La diffusion de la 24ème saison de la série télévisée Air Crash (ou Dangers dans le Ciel en France) vient de débuter sur la chaîne National Geographic et tout dans ce programme tient du symptôme insigne de notre temps.
Vous êtes certainement déjà tombé sur ces récits d’incidents ou d’accidents d’avions, menés chronologiquement et scientifiquement, fort bien mis en place narrativement à coup de voix off, de détails techniques, de témoignages poignants. Les passagers – dont tout spectateur pense en secret qu’il aurait pu être du même voyage ou de la même famille, faisant au passage grimper l’audience – montent nonchalamment dans un avion car ils rejoignent des proches pour les fêtes, vont à des congrès importants, partent en vacances à l’autre bout de la planète sur un coup de tête, volent d’un point à un autre sans se poser de question. Cependant tous ou presque s’apprêtent à mourir, parce qu’un engrenage se met en place au-dessus de leurs têtes au moment de grimper dans l’appareil. Les titres des épisodes, diffusés depuis 2003, ne sont pas sans intérêt : « La porte de l’enfer, L’oiseau blessé, Attaque en plein ciel, Un enfant dans le cockpit, Danger caché, Glissade miraculeuse, Le poids du sort, Au cœur de l’orage, Neige sanglante, Le drame de l’incompétence, Colère noire, Limites fatales »…

Autant de séries B modernes à base de voyeurisme ? Pas uniquement. Car en creux – il faut le voir pour le croire et ne pas s’empêcher de penser – Dangers dans le ciel dit le destin dans lequel nous sommes engagés collectivement. On sait qu’un accident d’avion est une suite d’erreurs, qu’une toute petite de ces erreurs s’allie à la suivante pour provoquer une terrible, tragique grande erreur sœur. Donc, petit problème technique et baisse de vigilance, météo corsée et hasard topographique s’attirent les uns aux autres jusqu’au drame. Mais le programme vise à chaque fois l’explication scientifique la plus précise possible et en reste uniquement aux faits techniques, démontrant l’appétence générale et jamais démentie pour la Raison universelle. L’animal raisonnable est déterminé à aller jusqu’au bout de ses certitudes. La catastrophe que suit le spectateur médusé ne vaut que dans le dispositif qui la lie à son explication scientifique et ainsi rien ne doit échapper au BEA (Bureau enquête et analyse pour la sécurité de l’aviation civile) en France ou au NTSB américain (The National Transportation Safety Board) par exemple. Il semblerait que l’accumulation d’initiales appose un sceau sérieux sur le drame, qu’elle est à même de rassurer, et qu’elle pourra prendre en charge jusqu’au bout.

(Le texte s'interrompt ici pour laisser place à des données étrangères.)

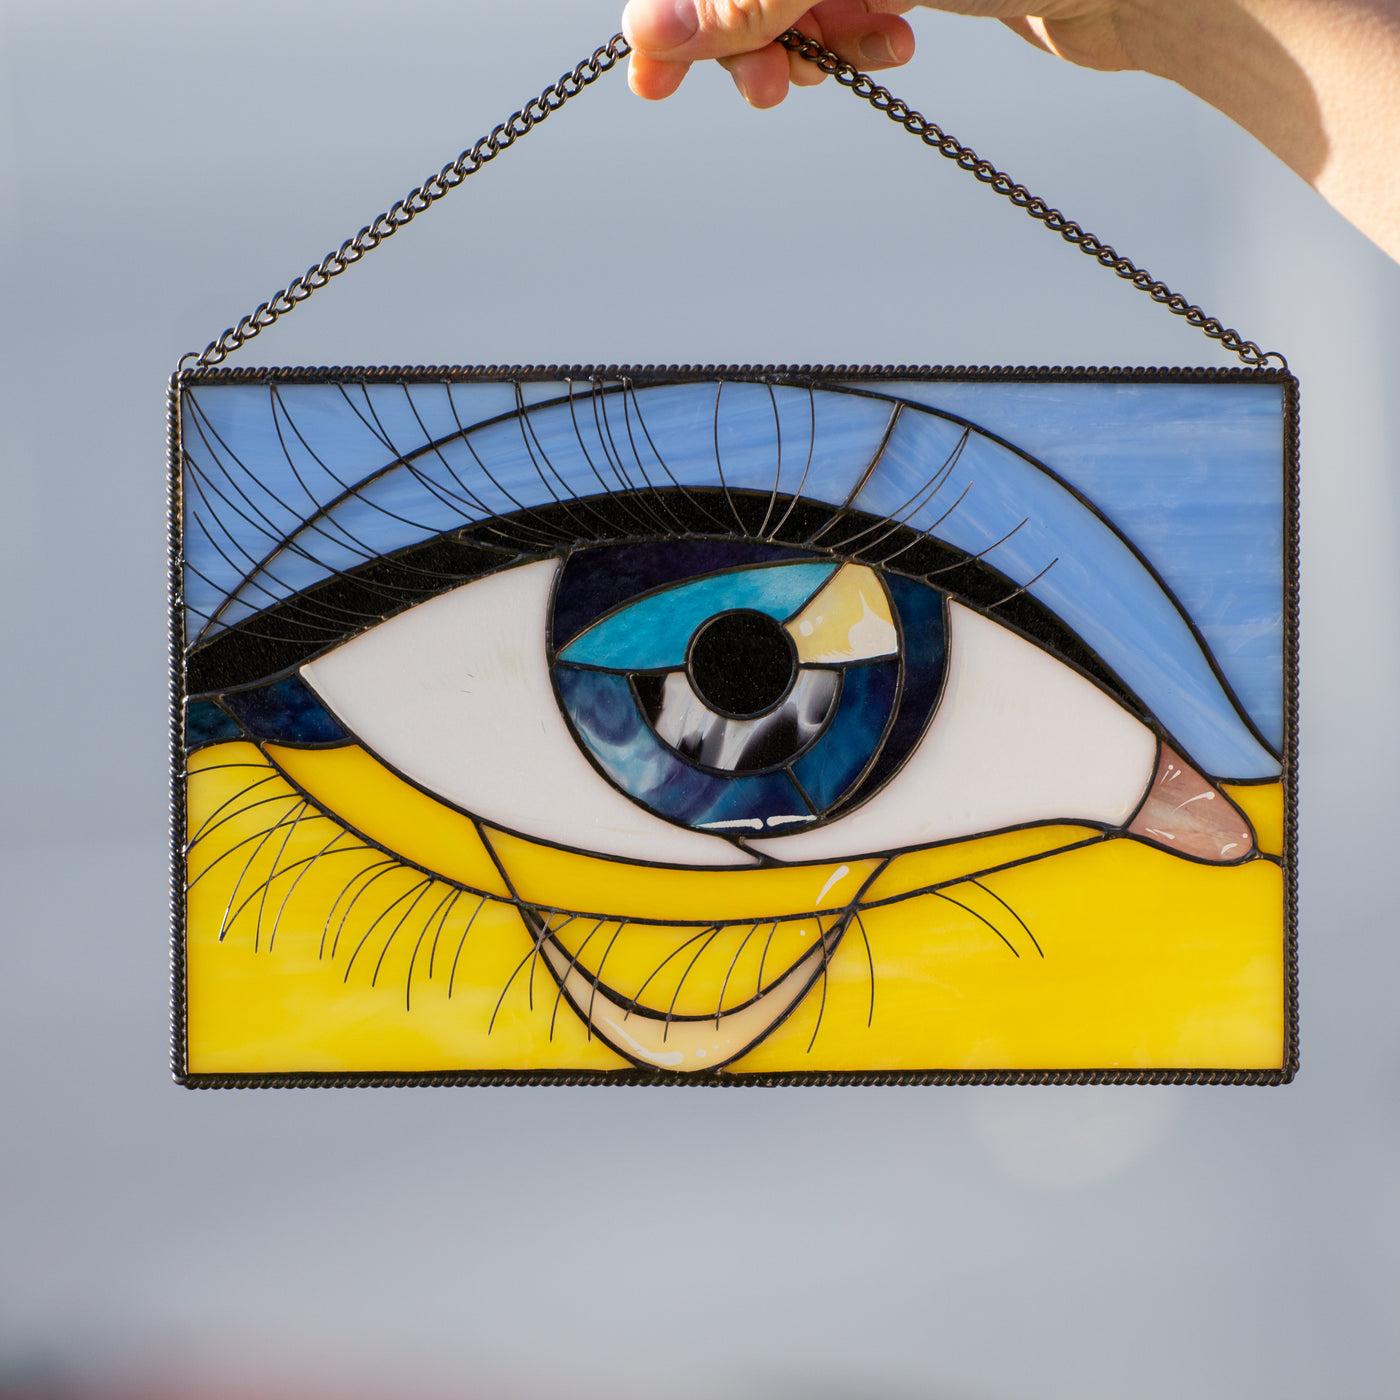 Stained glass window panel depicting Ukrainian flag and a crying eye in the middle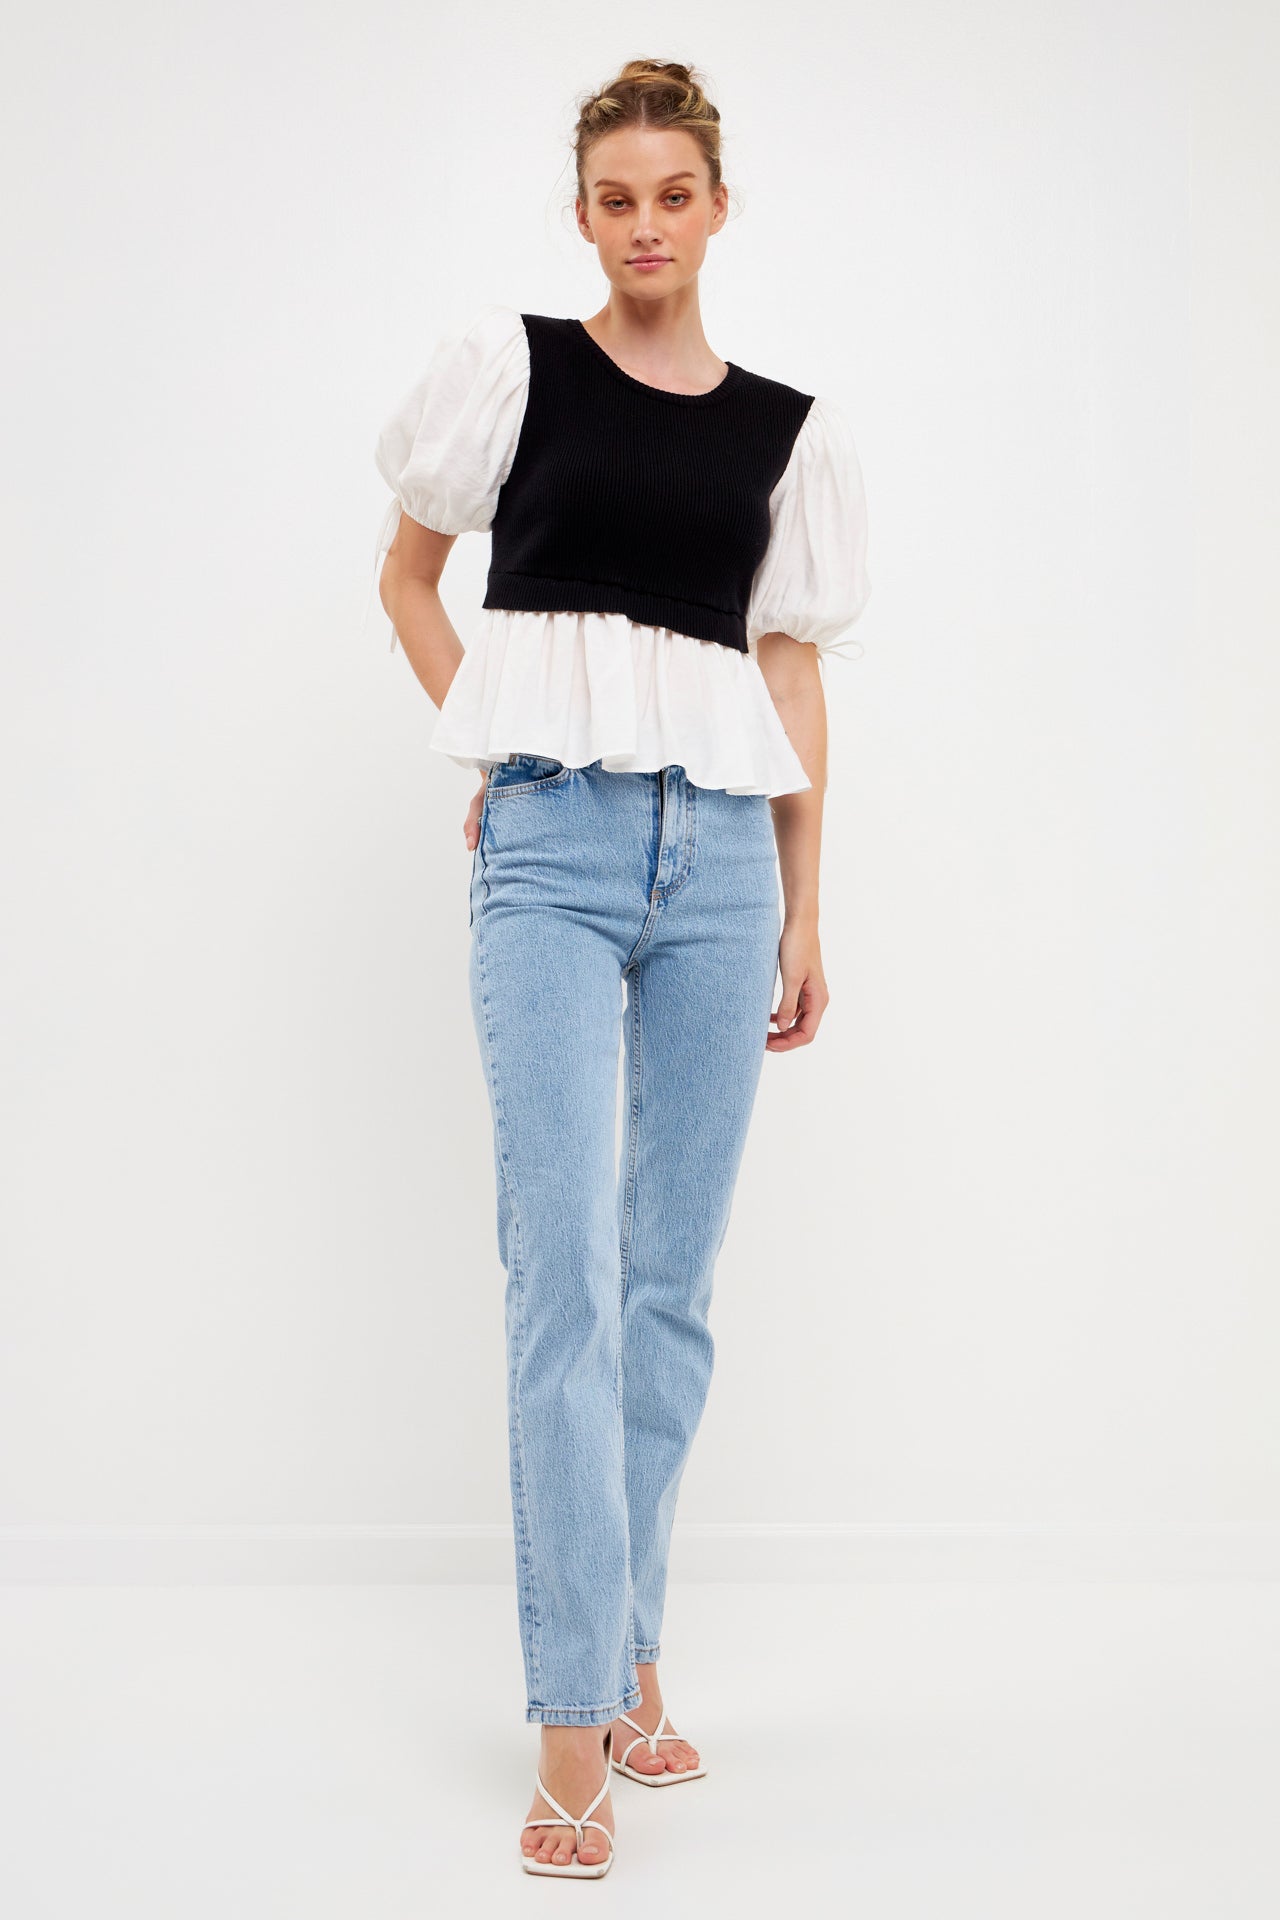 ENGLISH FACTORY - Mixed Media Puff Sleeve Knit Top - TOPS available at Objectrare

Mais c’est bien le défilé humain lui-même qui se déploie ici, en pixels, devant nos yeux. Nous avons fait le choix d’arpenter le ciel dans des carcasses métalliques et électroniques car nous pensons depuis bien longtemps que nous pouvons faire absolument ce que nous voulons et nous frémissons d’un grand plaisir lorsque se présente le récit de notre inéluctable chute à grande échelle. Le danger ne se tient ainsi pas uniquement au sein d’un avion qui vacille dans le ciel, mais au cœur de l’oubli aujourd’hui scellé de notre être et de son humilité.
Dangers dans le ciel, Saison 24, en diffusion sur National Geographic.